# Differentiability definition

• May 21st 2011, 04:33 AM
cana
Differentiability definition
If $g:[-1,1] \rightarrow \mathbb{R}$ is differentiable with $g(0)=0$ and $g(x) \neq 0 \forall x\neq 0$ and $f:\mathbb{R} \rightarrow \mathbb{R}$ is continuous with $\frac{f(x)}{g(x)} \rightarrow 1$ as $x \rightarrow 0$ then prove that f is differentiable at 0.

So, from the definition we want to show that $\lim_{x \to 0} \frac{f(x)-f(0)}{x}$ exists.
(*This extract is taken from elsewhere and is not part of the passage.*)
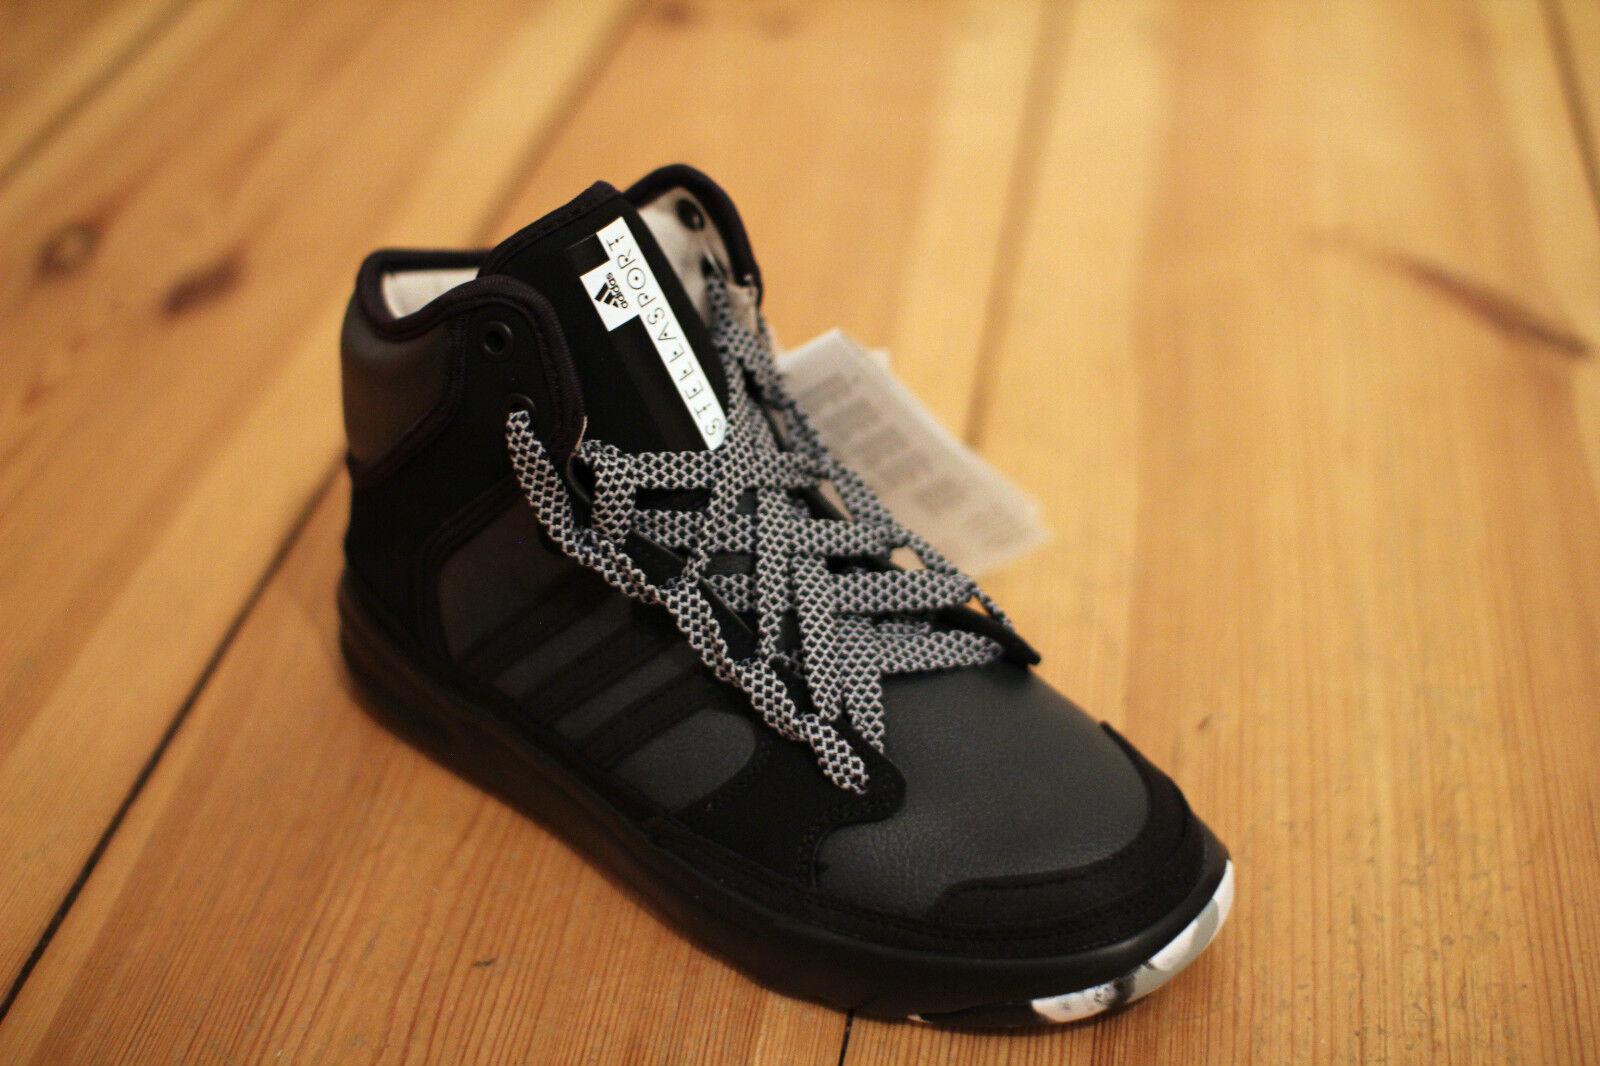 Adidas Stella MC Cartney Irana OVP schwarz Gr.36,37,38,40,41 NEU & OVP Irana c2f357

From $\lim_{x \to 0} \frac{f(x)}{g(x)} = 1$ we have $\lim_{x \to 0} f(x) = \lim_{x \to 0} g(x) = g(0) = 0 = f(0)$

Then,

$\lim_{x \to 0} \frac{f(x)-f(0)}{x} = \lim_{x \to 0} \frac{f(x)}{x} -\lim_{x \to 0} \frac{f(0)}{x} = \lim_{x \to 0} \frac{f(x)}{x} = \lim_{x \to 0} \frac{f(x)g(x)}{x(g(x))} = \lim_{x \to 0} \frac{f(x)}{g(x)} \cdot \lim_{x \to 0} \frac{g(x)}{x} = g'(0)$
• May 21st 2011, 07:02 AM
HallsofIvy
If you are asking if that is a valid proof, yes, it is. Very well done! The one comment I would make is that the middle term in
$\lim_{x\to 0}\frac{f(x)- f(0)}{x}$ $= \lim_{x\to 0}\frac{f(x)}{x}- \frac{f(0)}{x}$ $= \lim_{x\to 0} \frac{f(x)}{x}$
is not necessay. Just set f(0) in $\frac{f(x)- f(0)}{x}$ equal to 0 to go directly:
$\lim_{x\to 0}\frac{f(x)- f(0)}{x}$ $= \lim_{x\to 0} \frac{f(x)}{x}$